Bruce Shapiro is the master of motion control. A former physician turned artist, Shapiro engineered the table-top Sisyphus Machine; a scientific display that illustrates controlled movements right before audiences’ eyes. As an artist, he combines several applications, such as robotics and computerized numerical control (CNC), to be used for kinetic artistic expression.
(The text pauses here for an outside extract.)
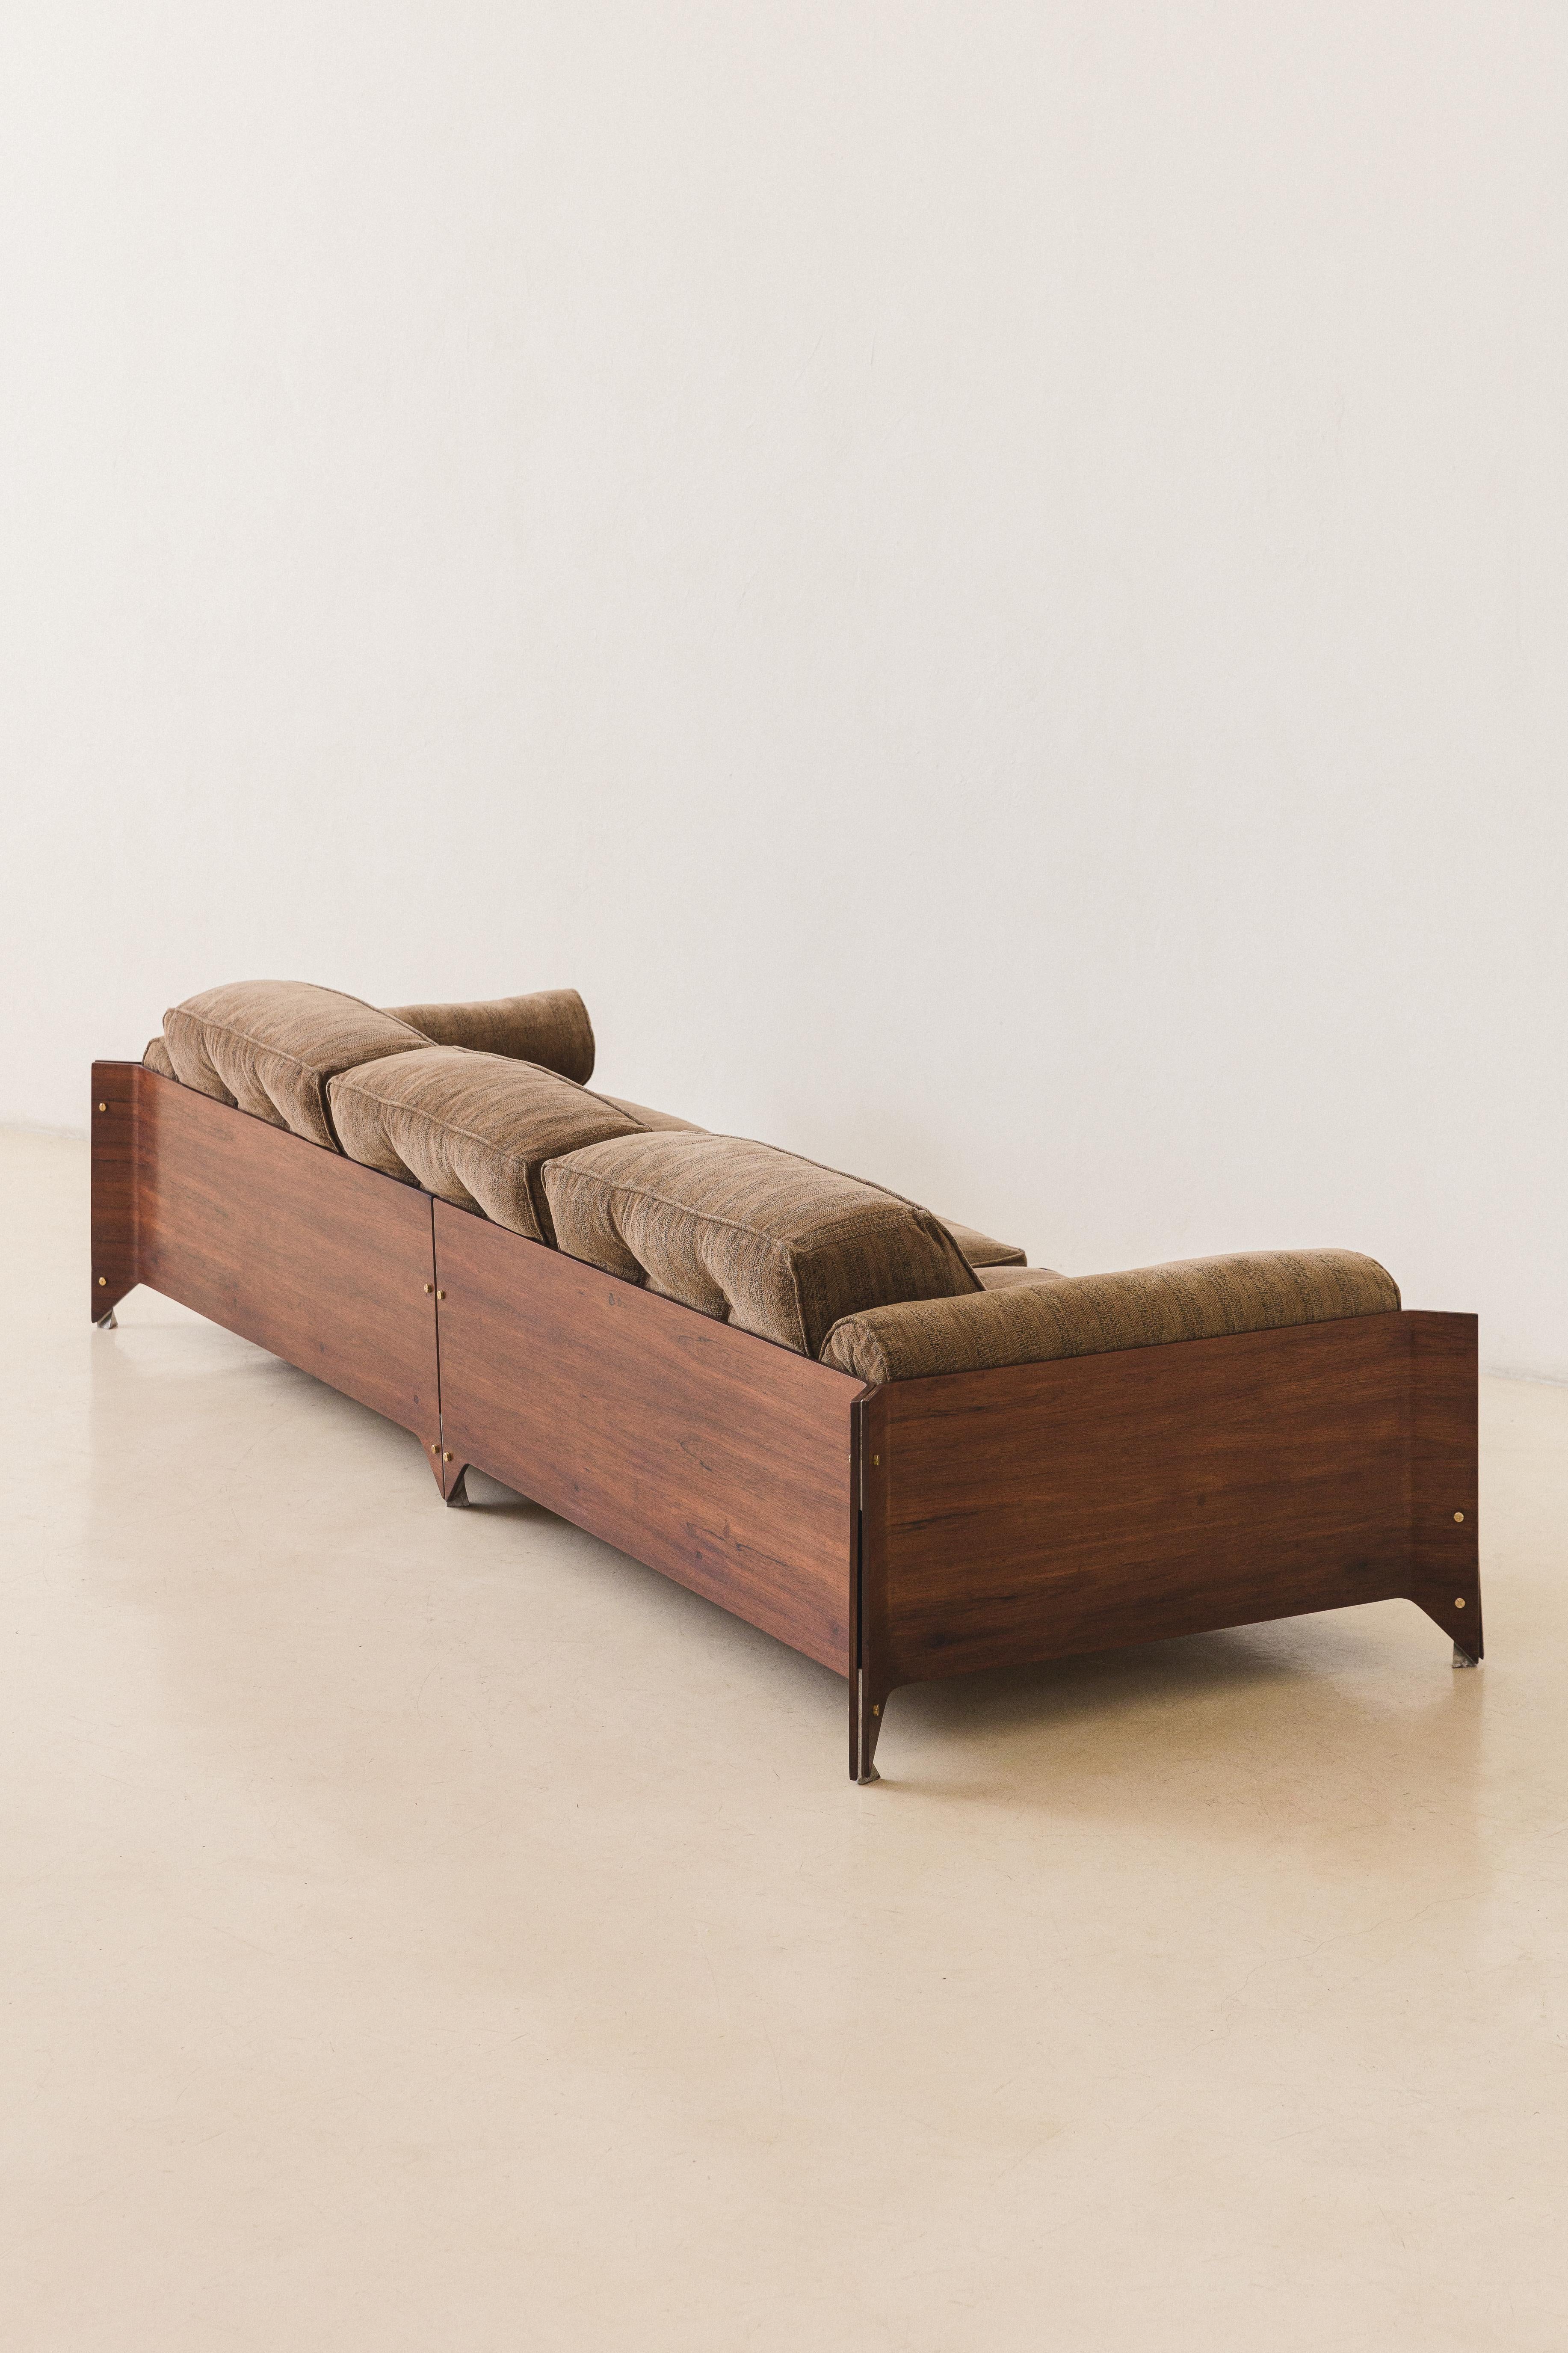 Brazilian Iconic Brasiliana Sofa Design by Jorge Zalszupin, Rosewood and Brass, 1960s For Sale

Shapiro explains that the Sisyphus Machine’s movements are inspired by the famous Greek myth. He says: “for the crime of cheating death, Sisyphus must push his boulder up the mountain only to have it roll back down each day. For all eternity.” Using polar coordinates to create patterns, the Sisyphus machines are xy-coordinate devices using magnets and motorized arms to move metal balls precisely over a garden of sand. Computer programs control the patterns carved through the plate, creating stunning patterns, intricate loops and swirls all a meditative speed.
Shapiro’s artistic statement explains his methodology behind the Sisyphus Machine:
“I grew up enchanted by music, electronics, and making things. I pursued a career in medicine and spent several years as a practicing physician. My childhood interests in building were rekindled when I first brought home a 286 computer and discovered I could use it to control motors from discarded floppy drives.
My first attempt to share my “mastery” over this rapidly evolving industrial technology, was a fiasco: I assembled 10-20 family members, friends, and pets into my basement shop, and made them watch two stepper motors sitting on a table, faithfully rotating “flags” of tape stuck to their shafts.
EggBot (1990), my first art robot, was created out of necessity (to convince others I wasn’t completely losing my mind). Since then I have devoted myself to using motion control for making art and education tools.”
Several of the Sisyphus Machines are in permanent and travelling locations around the world, including Germany, Australia and Poland. Sisyphus III (created in 2003) was 10 feet in diameter and weighed nearly half a metric ton. Drawing from Computer Science, Physics and Engineering, Shapiro’s works are a staple in many science museums and even corporate offices and homes. He has even taken his work into classrooms to educate children and teenagers about the importance of motion control in their everyday lives as it shapes their worlds. The beauty and art of motion defines the Machine’s purpose as it visualizes movement in an aesthetically pleasing way and blurs the lines between science, technology and art.